• Prompt: The answer must be an exact transcription of the lines below from the first through the one containing "Yuge Bear 28''", with the pictures left out; please add nothing else.

• Data section:

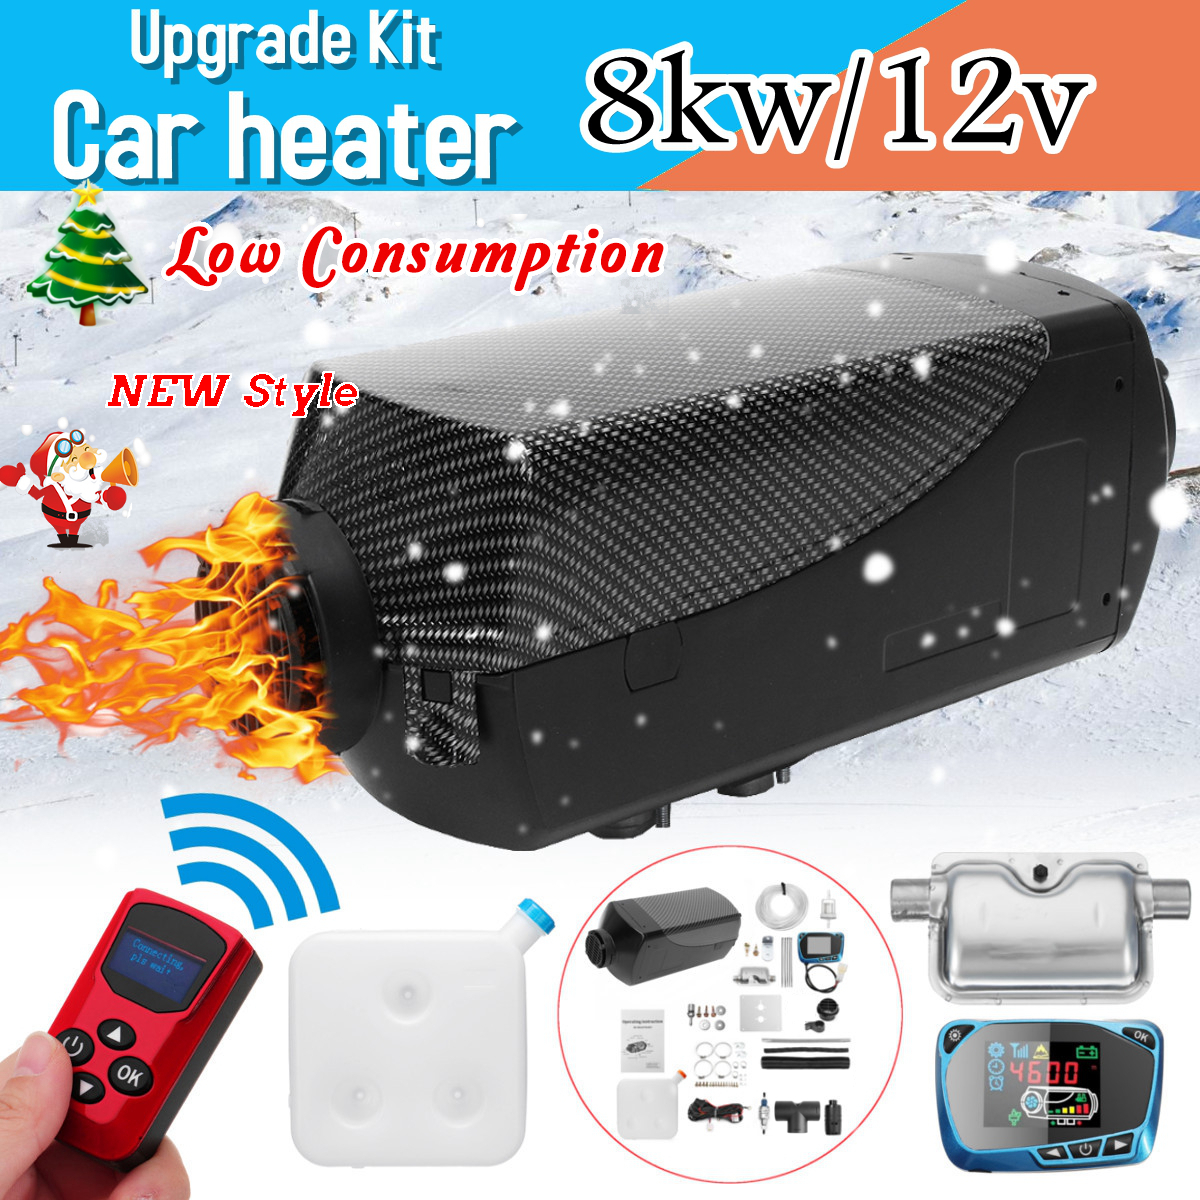 8000 w ar diesels aquecedor 8kw 12 v aquecedor de carro para caminhões motor-casas barcos ônibus + lcd monitor interruptor + controle remoto + silenciador
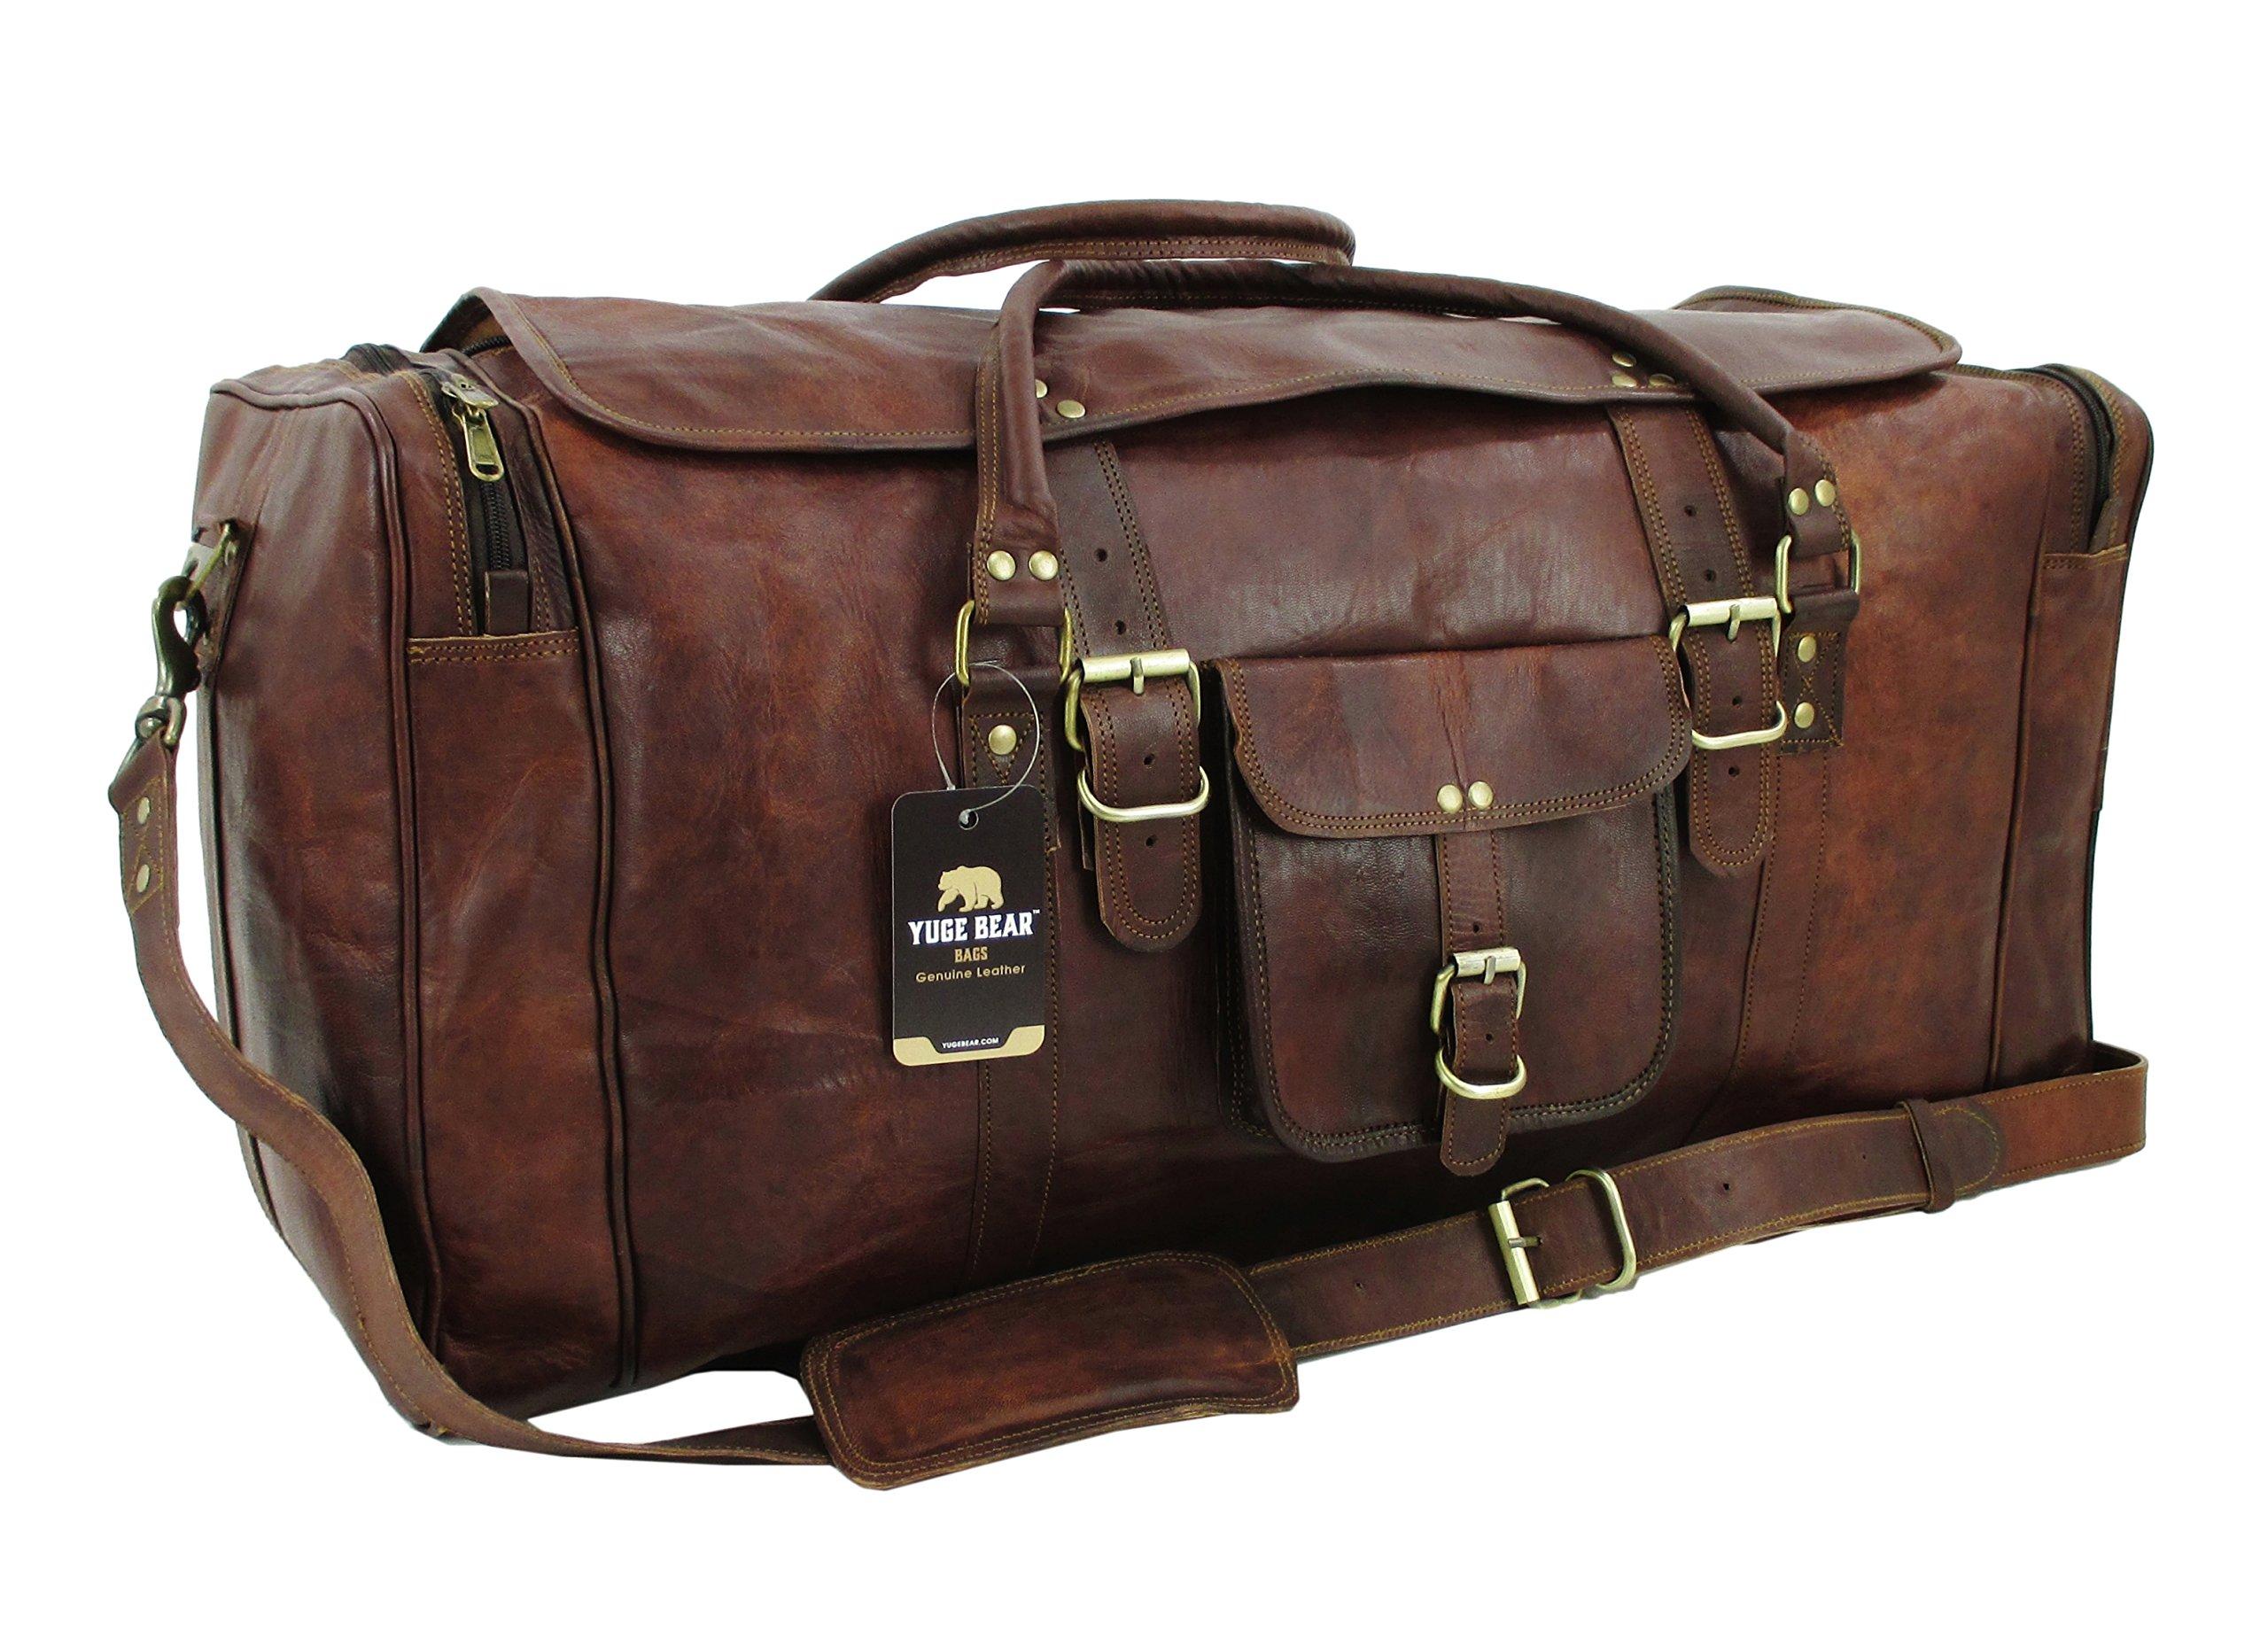 Yuge Bear 28'' FS3 Vintage Genuine Leather Extra Large Duffel Weekender Gym Bag
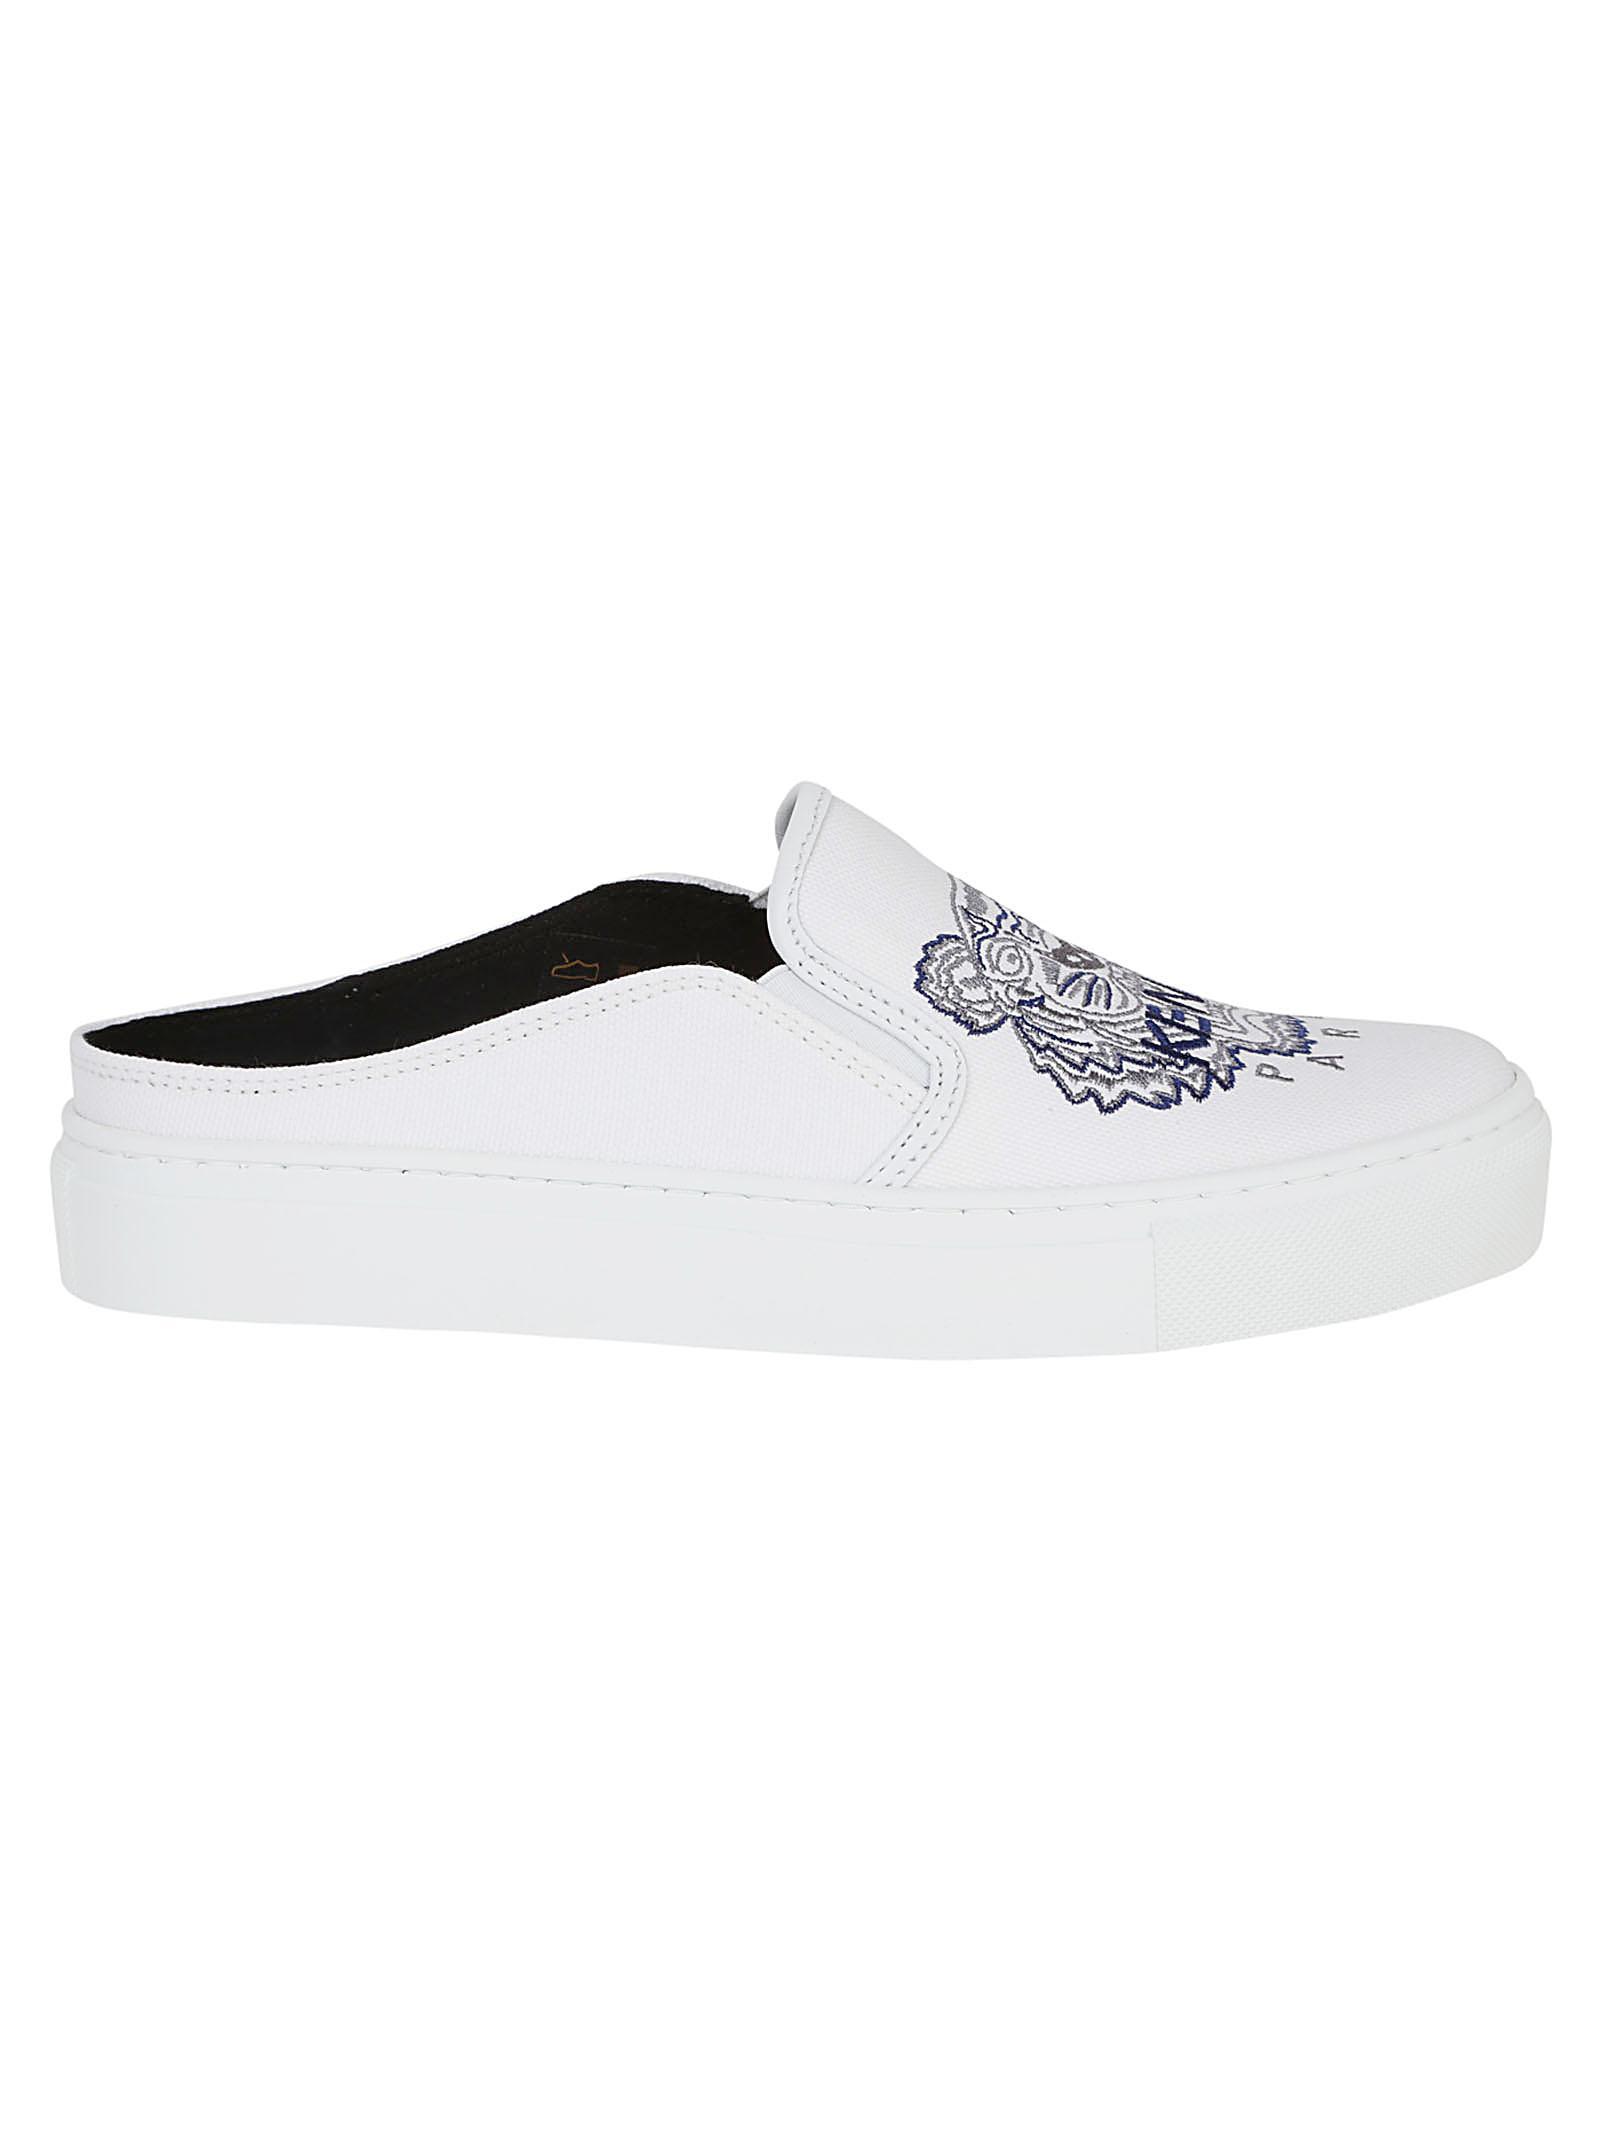 209d60c197 KENZO Multicolor K-skate Mule Sneakers Tiger

• Answer to this problem:
 8000 w ar diesels aquecedor 8kw 12 v aquecedor de carro para caminhões motor-casas barcos ônibus + lcd monitor interruptor + controle remoto + silenciador
 Yuge Bear 28'' FS3 Vintage Genuine Leather Extra Large Duffel Weekender Gym Bag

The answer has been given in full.